**GOAL OF THE EXERCISE**: The whole listing needs retyping exactly; keep the pictures out of it.

---------- COLLECTED DATA

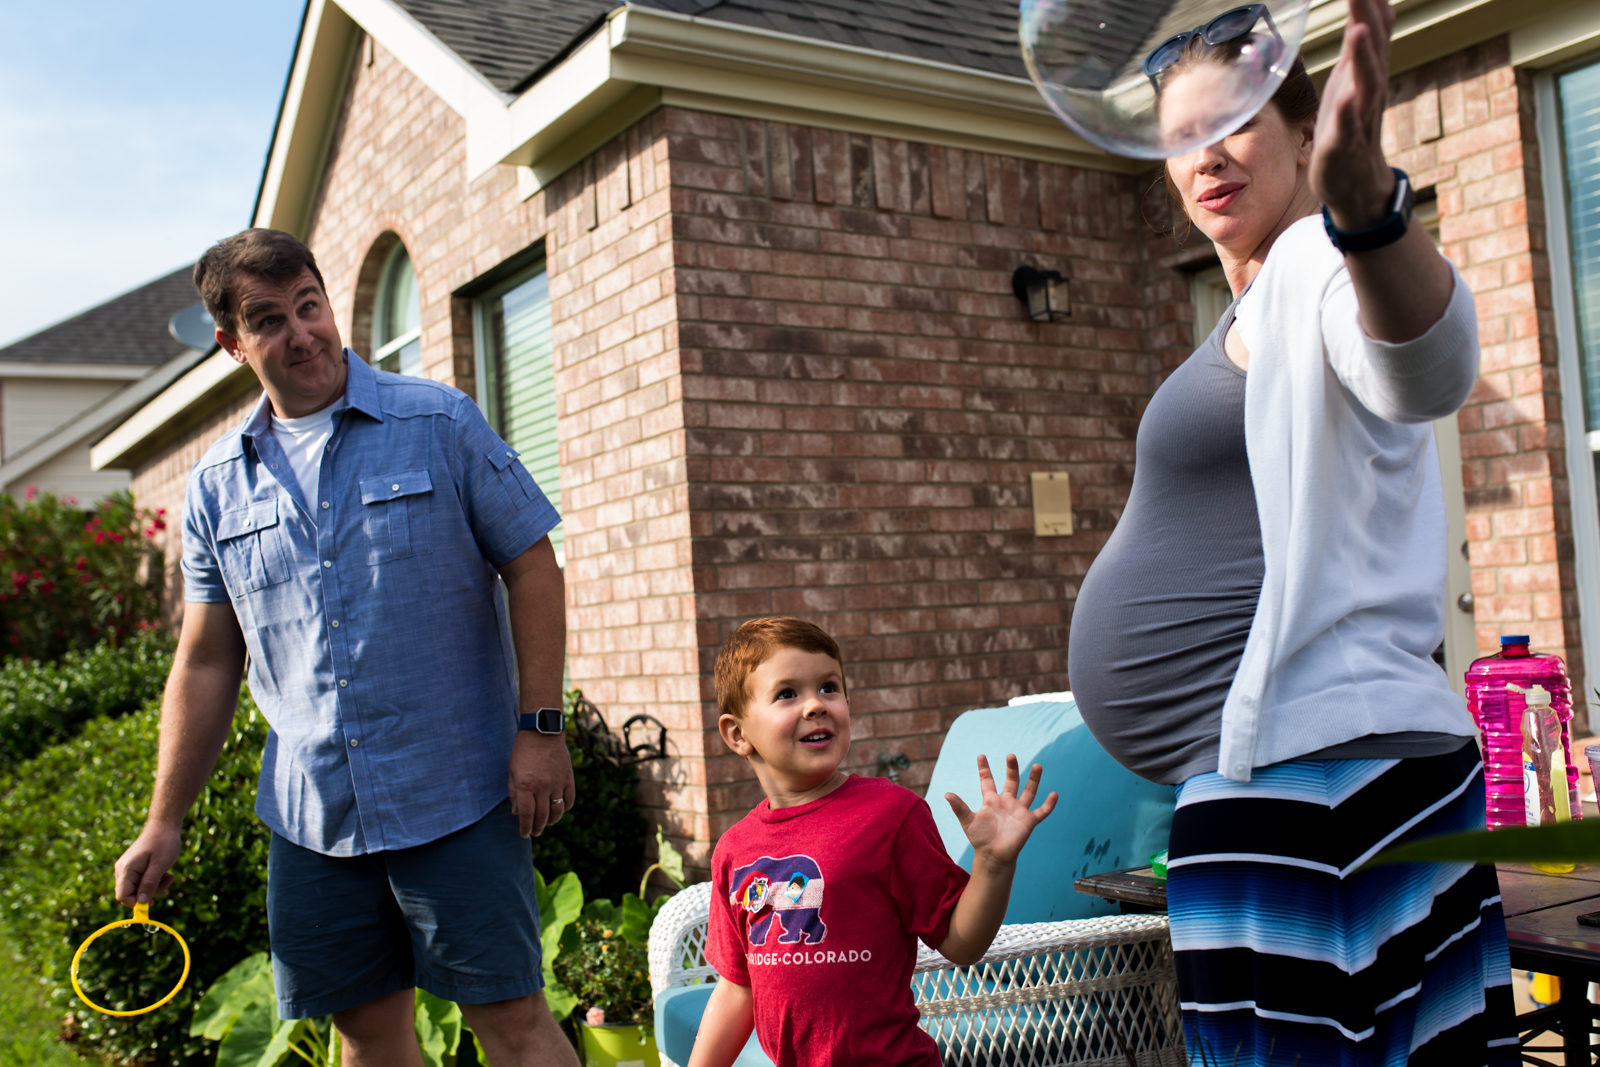 McKinney Photographer Lawren Rose Photography captures a photo of a family of 3 outside in their backyard blowing giant bubbles
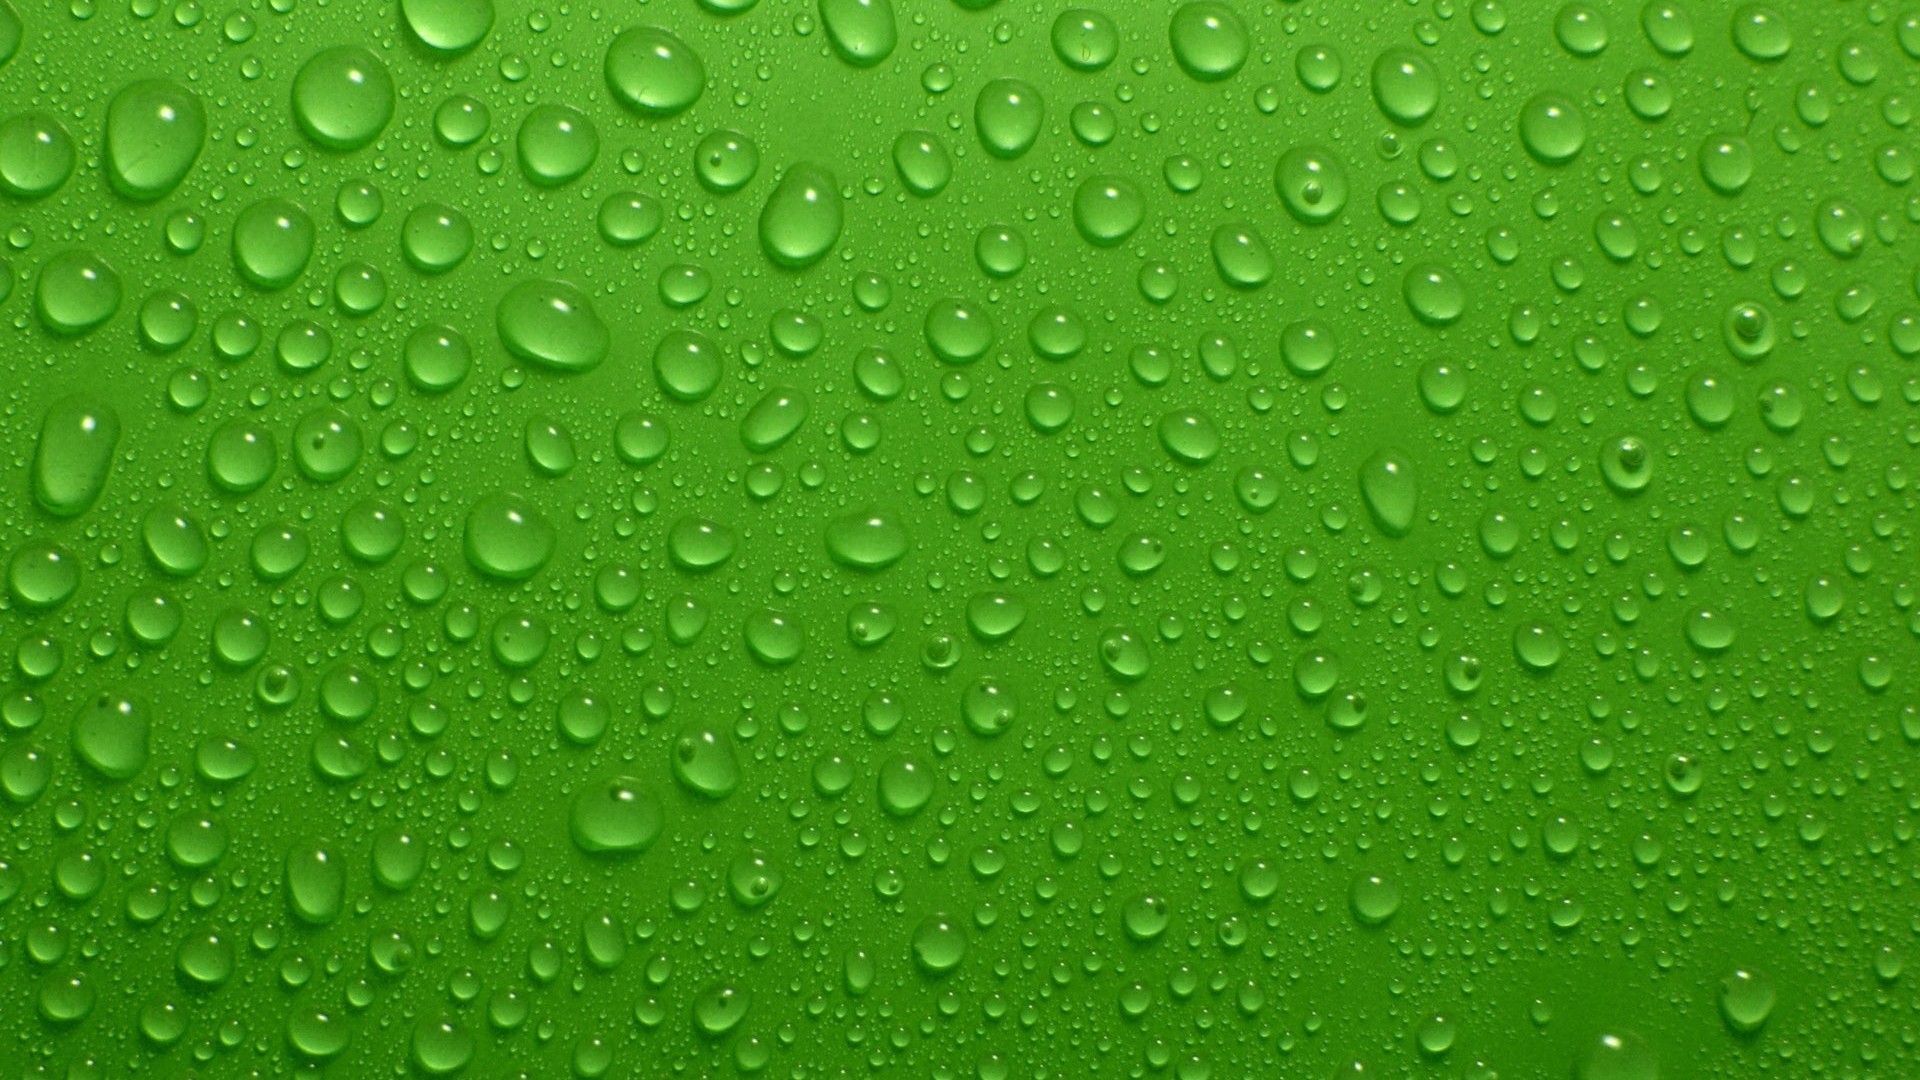 Green Colour Background Wallpaper HD with image resolution 1920x1080 pixel. You can make this wallpaper for your Desktop Computer Backgrounds, Mac Wallpapers, Android Lock screen or iPhone Screensavers
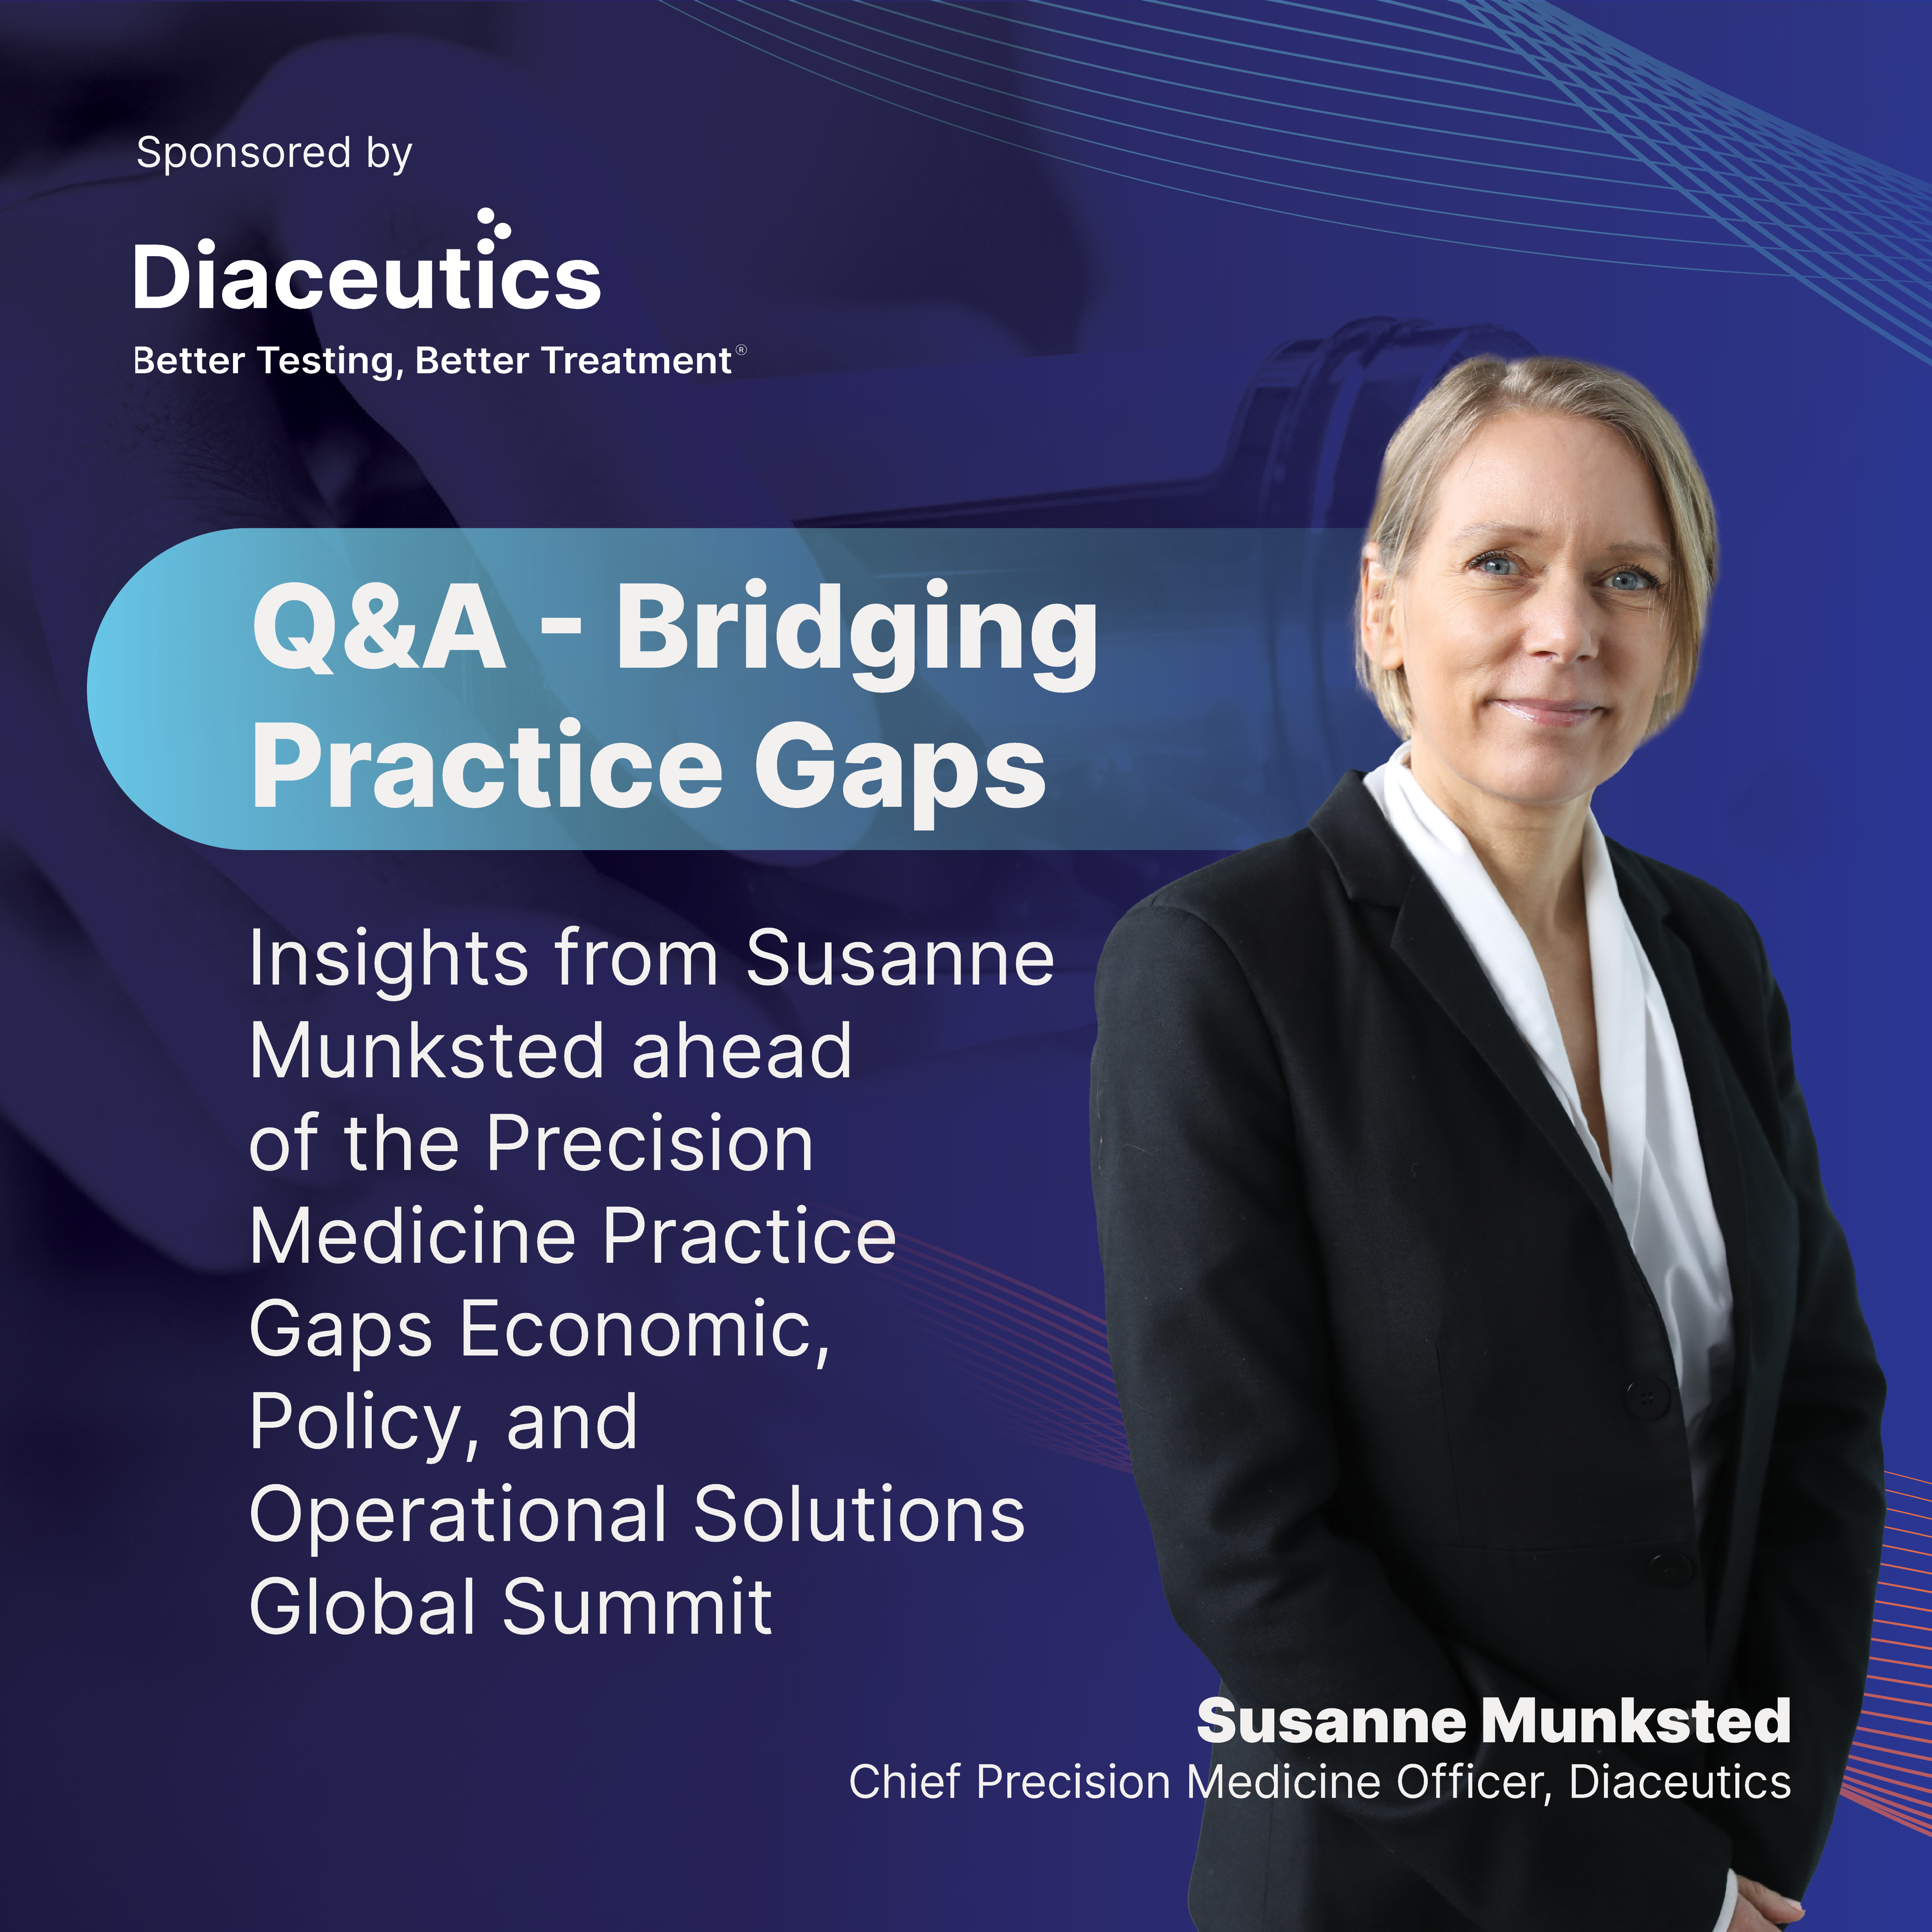 Bridging the Practice Gaps: Insights from Susanne Munksted ahead of the Precision Medicine Practice Gaps Economic, Policy, and Operational Solutions Global Summit

--------------------

**WRITTEN SOLUTION**:
 McKinney Photographer Lawren Rose Photography captures a photo of a family of 3 outside in their backyard blowing giant bubbles
 Green Colour Background Wallpaper HD with image resolution 1920x1080 pixel. You can make this wallpaper for your Desktop Computer Backgrounds, Mac Wallpapers, Android Lock screen or iPhone Screensavers
 Bridging the Practice Gaps: Insights from Susanne Munksted ahead of the Precision Medicine Practice Gaps Economic, Policy, and Operational Solutions Global Summit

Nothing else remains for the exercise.